The cane has something of a learning curve -- the basics aren't complex, but the weight is sort of funny and takes a little getting used to.  It's also sort of large, a little inconvenient to cart around, especially if you're carrying other luggage.

It has a lot of advantages:  long range without sacrificing short range efficiency, striking and controlling options, the 'sucker punch' factor.  Plus you can take 'em on airplanes.

The biggest advantage of the cane is the fact that it's non-escalatory.  If you approach a situation with a knife or gun, baseball bat, even a kubaton in hand you're likely to escalate that situation just by being armed.  You approach with a cane, people are socially programmed to _be nicer to you_.

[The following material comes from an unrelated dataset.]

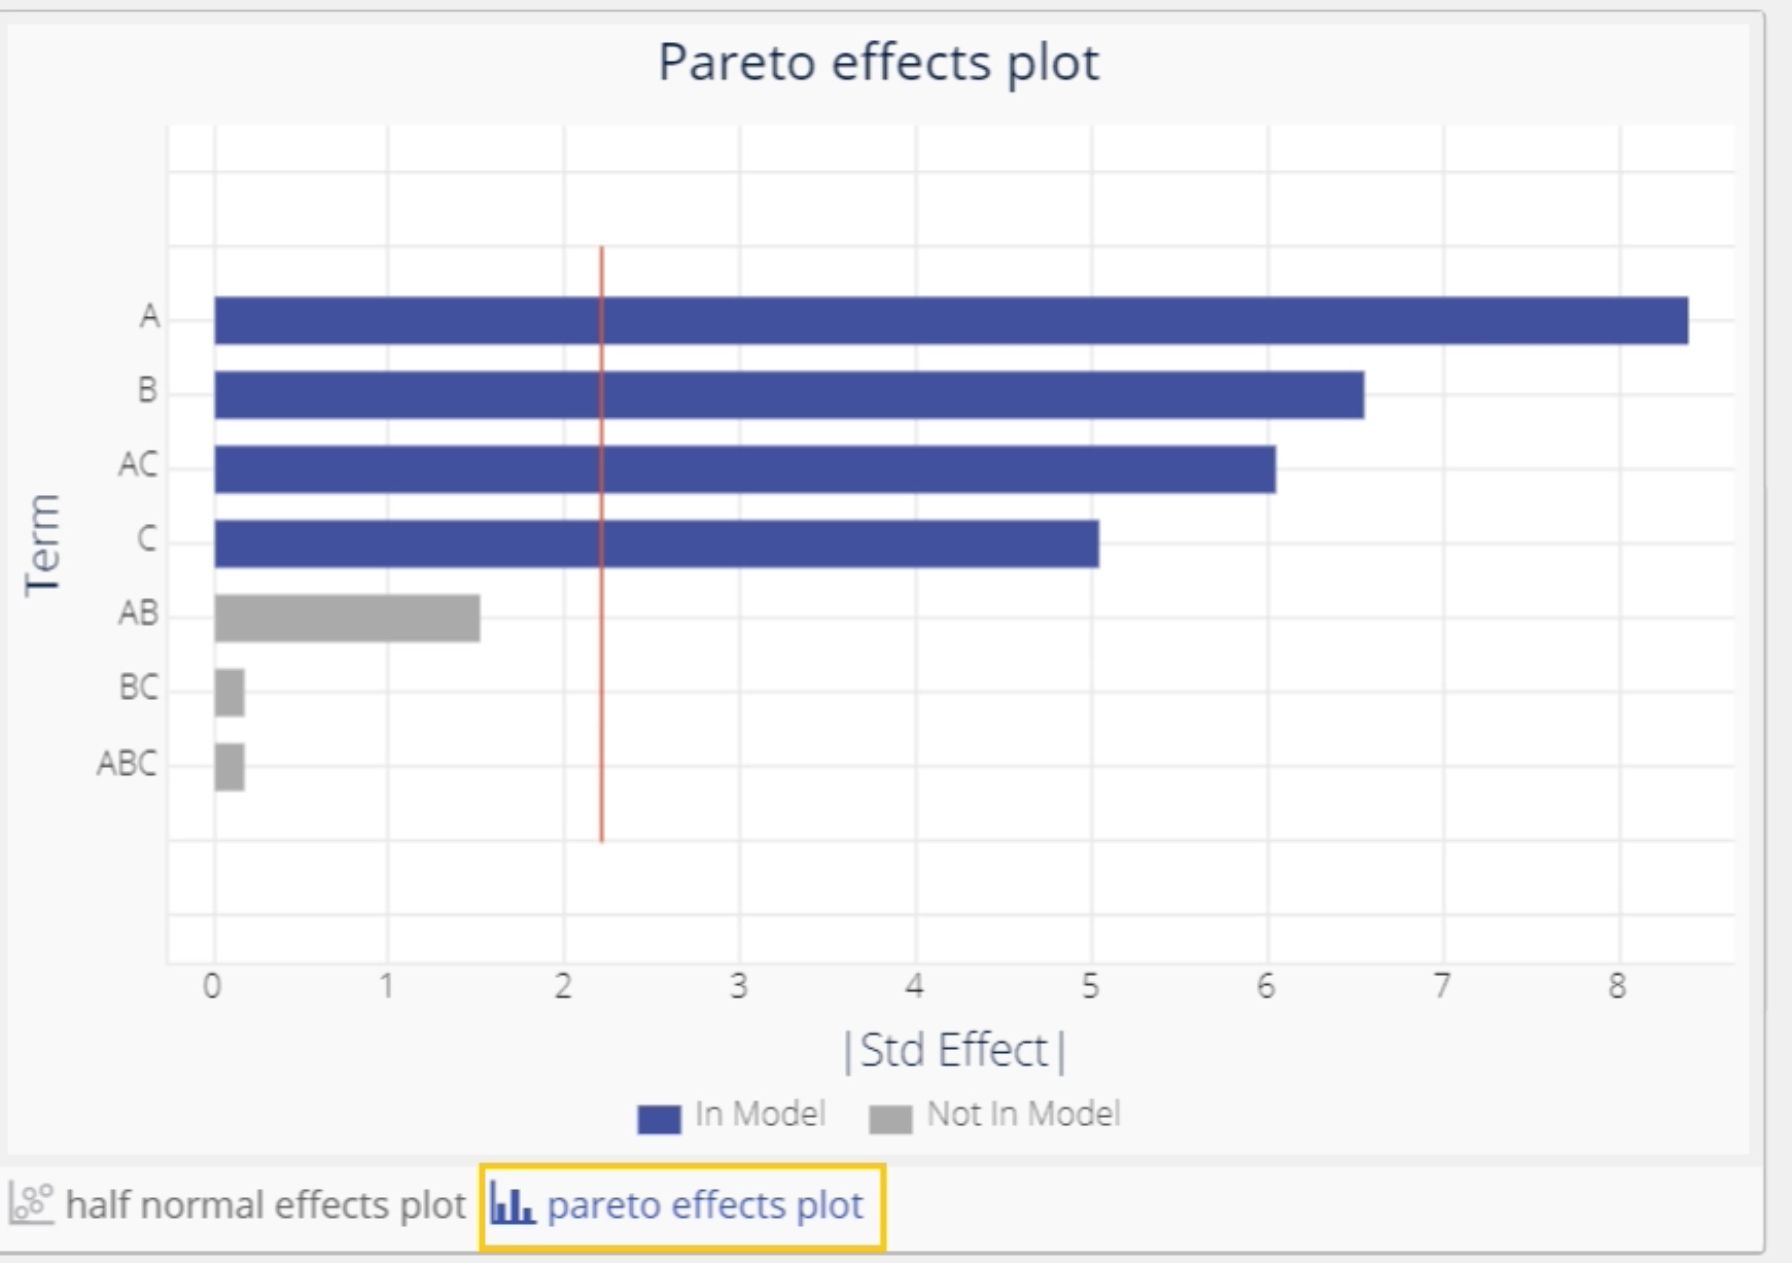 Pareto chart of full DOE effects.

Canes are great.  My very, very favorite.


----------



## KenpoTex (May 23, 2007)

Don's site has a ton of great info on a variety of weapons...it's worth the time to browse for a while.

here's the link for his main page
http://www.donrearic.com/main.html


----------



## mrhnau (May 24, 2007)

I'm contemplating studying them a bit... the thread I started a bit ago about Savate/Cane sparked my interest  Looks like some decent techniques exist...


----------



## Drac (May 24, 2007)

I carry my cane whenever I travel, no problems getting through the security screeners..


----------



## morph4me (May 24, 2007)

Drac said:


> I carry my cane whenever I travel, no problems getting through the security screeners..


 
I do the same and have never had a problem, I've never even been asked why I carry it.


----------



## Lisa (May 24, 2007)

kenpotex said:


> Don's site has a ton of great info on a variety of weapons...it's worth the time to browse for a while.
> 
> here's the link for his main page
> http://www.donrearic.com/main.html



Thanks for the link, Matt!


----------



## Makalakumu (May 24, 2007)

I've practiced using the cane for quite a while now and I would recommend these canes if you are interested.

http://www.canemasters.com/

There's alot of weird stuff that people have come up with when it comes to using a cane, but I've found that keeping it simple works best.  

There are two major things that you can do with a cane that give it some martial applicability.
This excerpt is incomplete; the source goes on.